** RECORDS FOR PROCESSING **
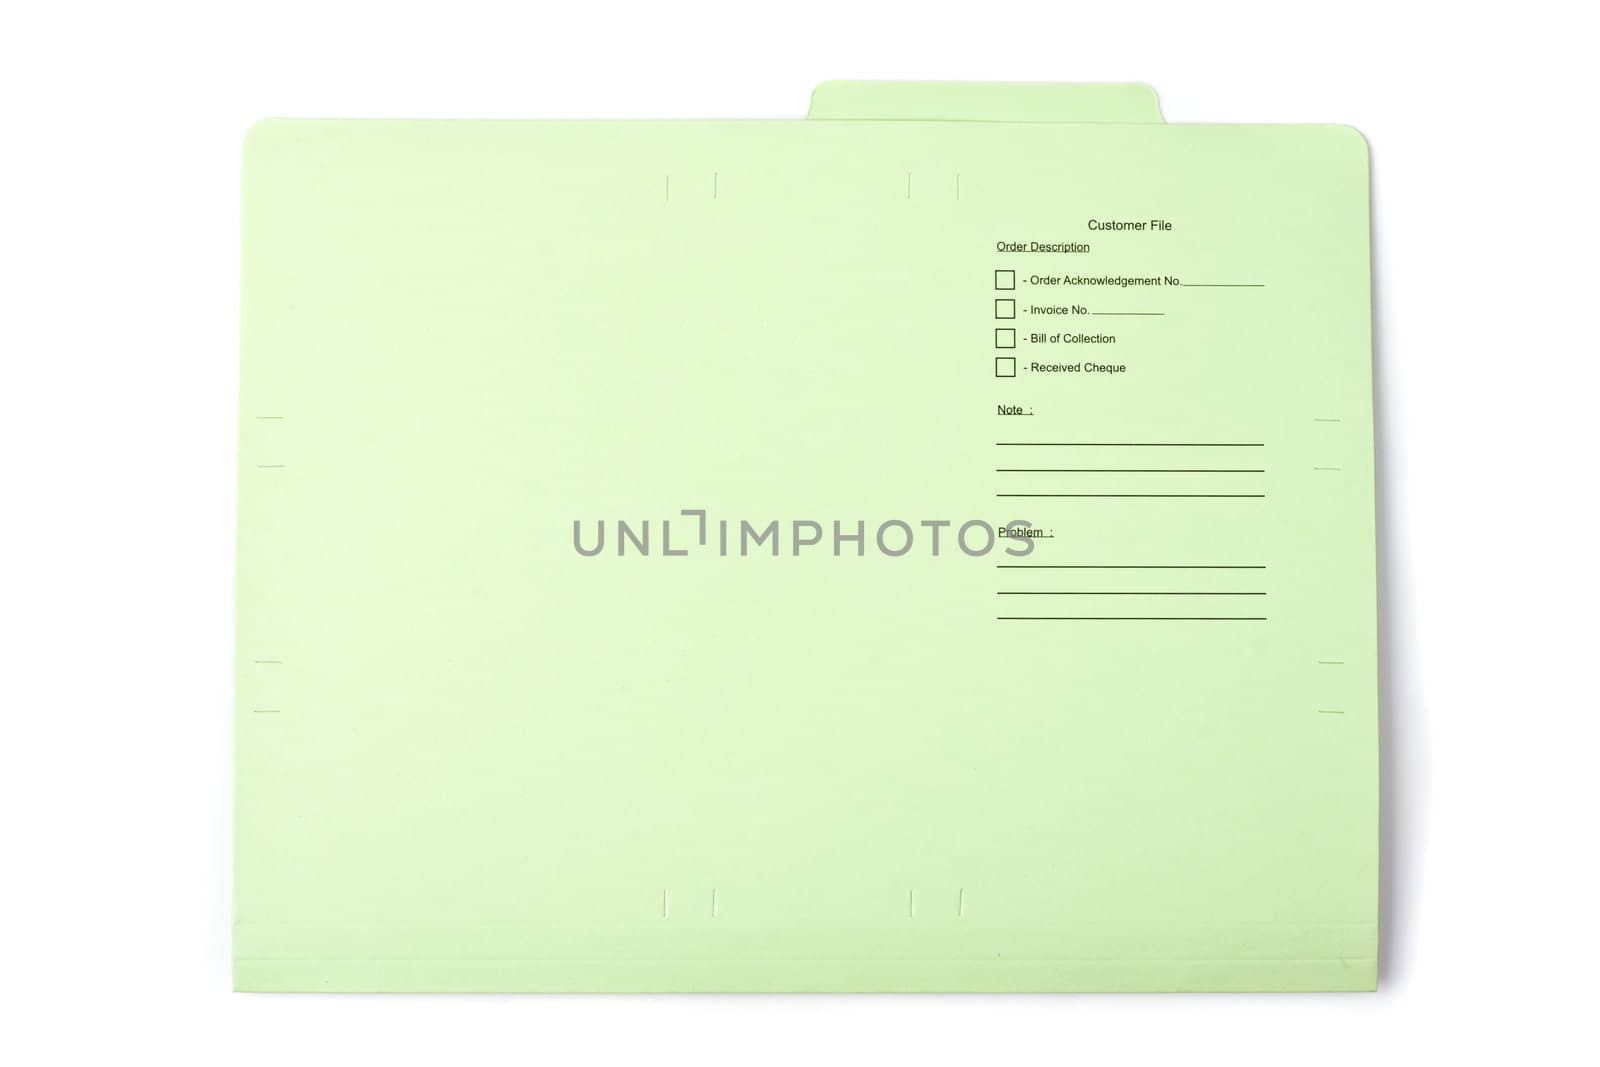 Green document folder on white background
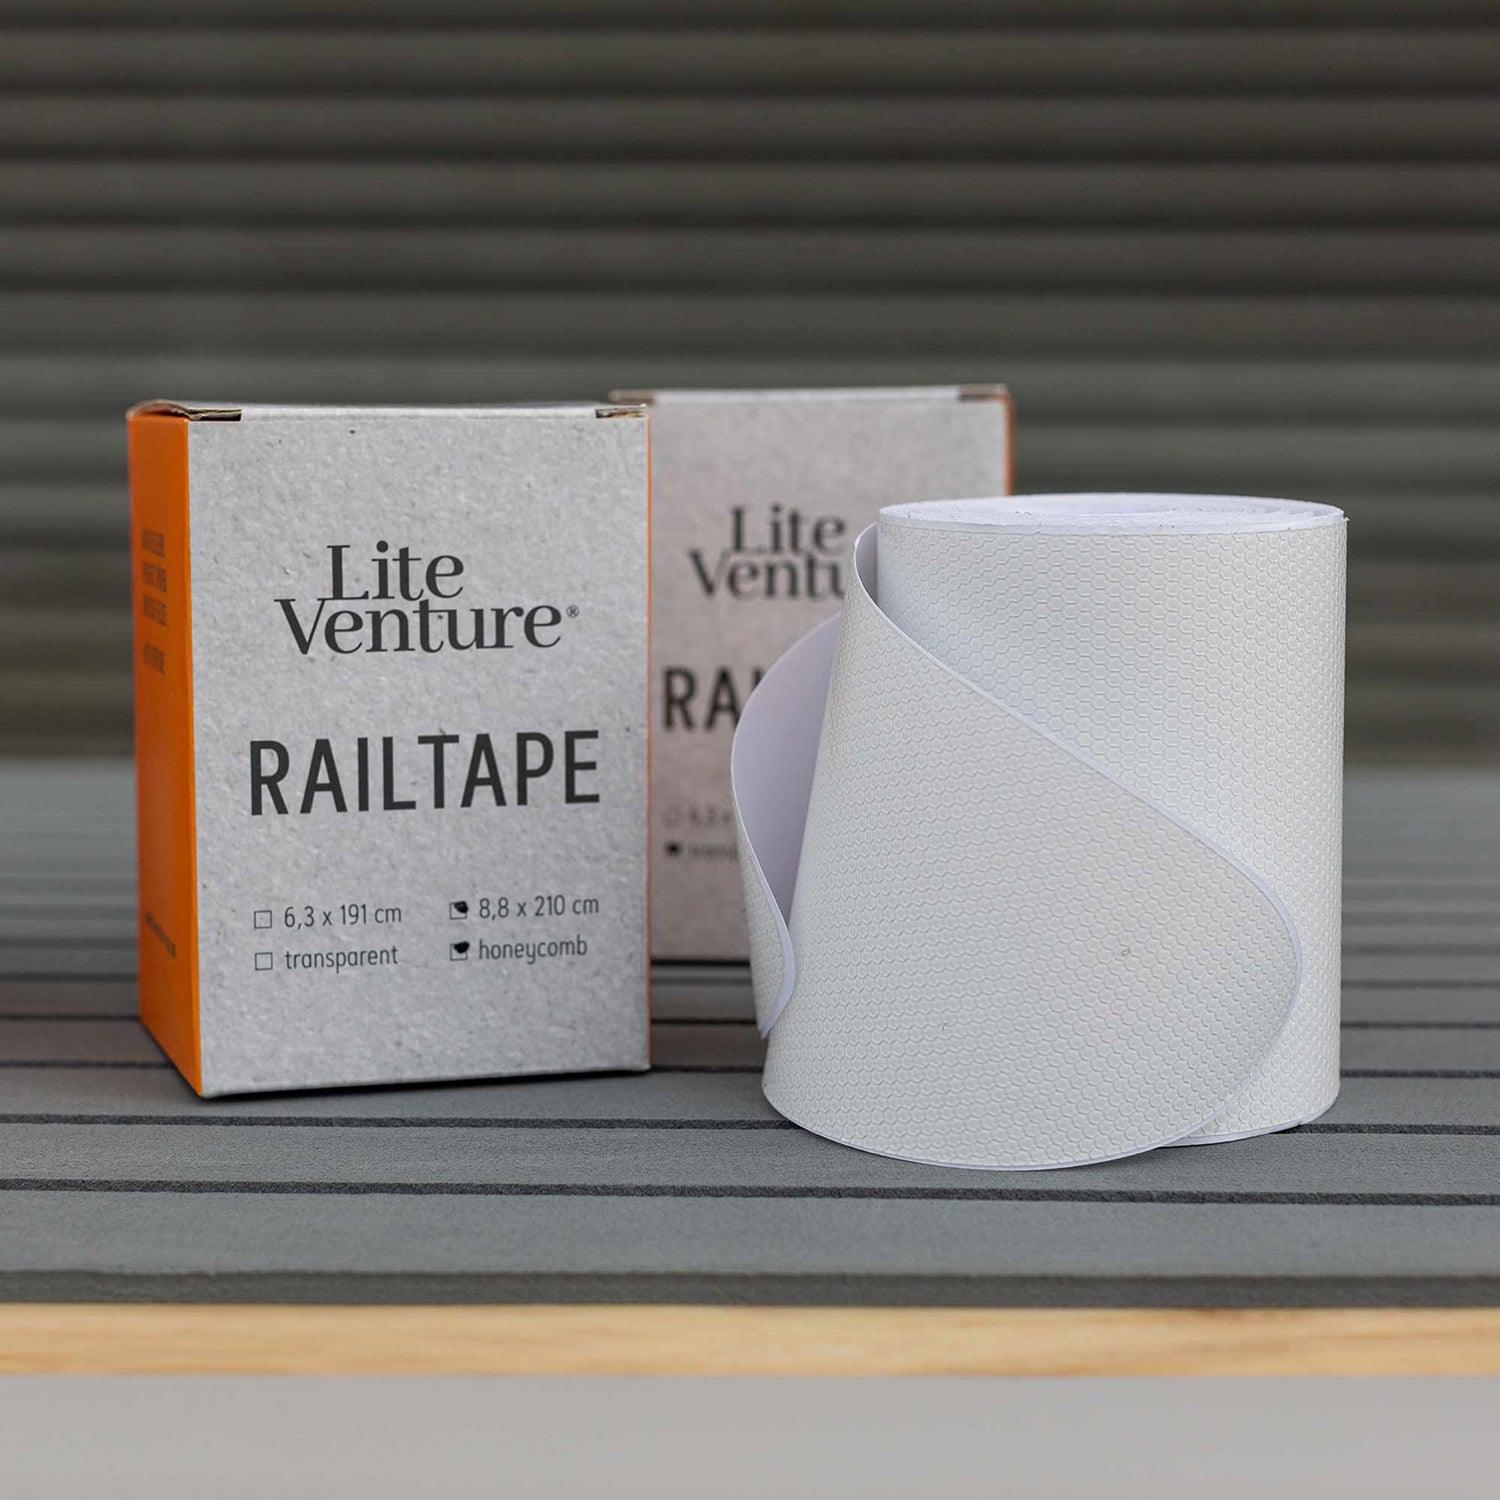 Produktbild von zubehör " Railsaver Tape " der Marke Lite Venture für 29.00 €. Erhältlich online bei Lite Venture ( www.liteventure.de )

* * *

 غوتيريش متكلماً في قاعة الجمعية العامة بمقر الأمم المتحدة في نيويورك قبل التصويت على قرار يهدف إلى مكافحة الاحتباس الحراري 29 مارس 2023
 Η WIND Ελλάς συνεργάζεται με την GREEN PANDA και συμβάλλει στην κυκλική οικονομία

--

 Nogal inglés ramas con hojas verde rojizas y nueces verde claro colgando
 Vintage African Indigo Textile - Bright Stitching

** ACTION ITEM **
From the line with "Green document folder on white background" up to and including the line with "Produktbild von zubehör" above, retype every line exactly and nothing more; leave out the pictures.

** ANSWER SECTION **
 Green document folder on white background
 Produktbild von zubehör " Railsaver Tape " der Marke Lite Venture für 29.00 €. Erhältlich online bei Lite Venture ( www.liteventure.de )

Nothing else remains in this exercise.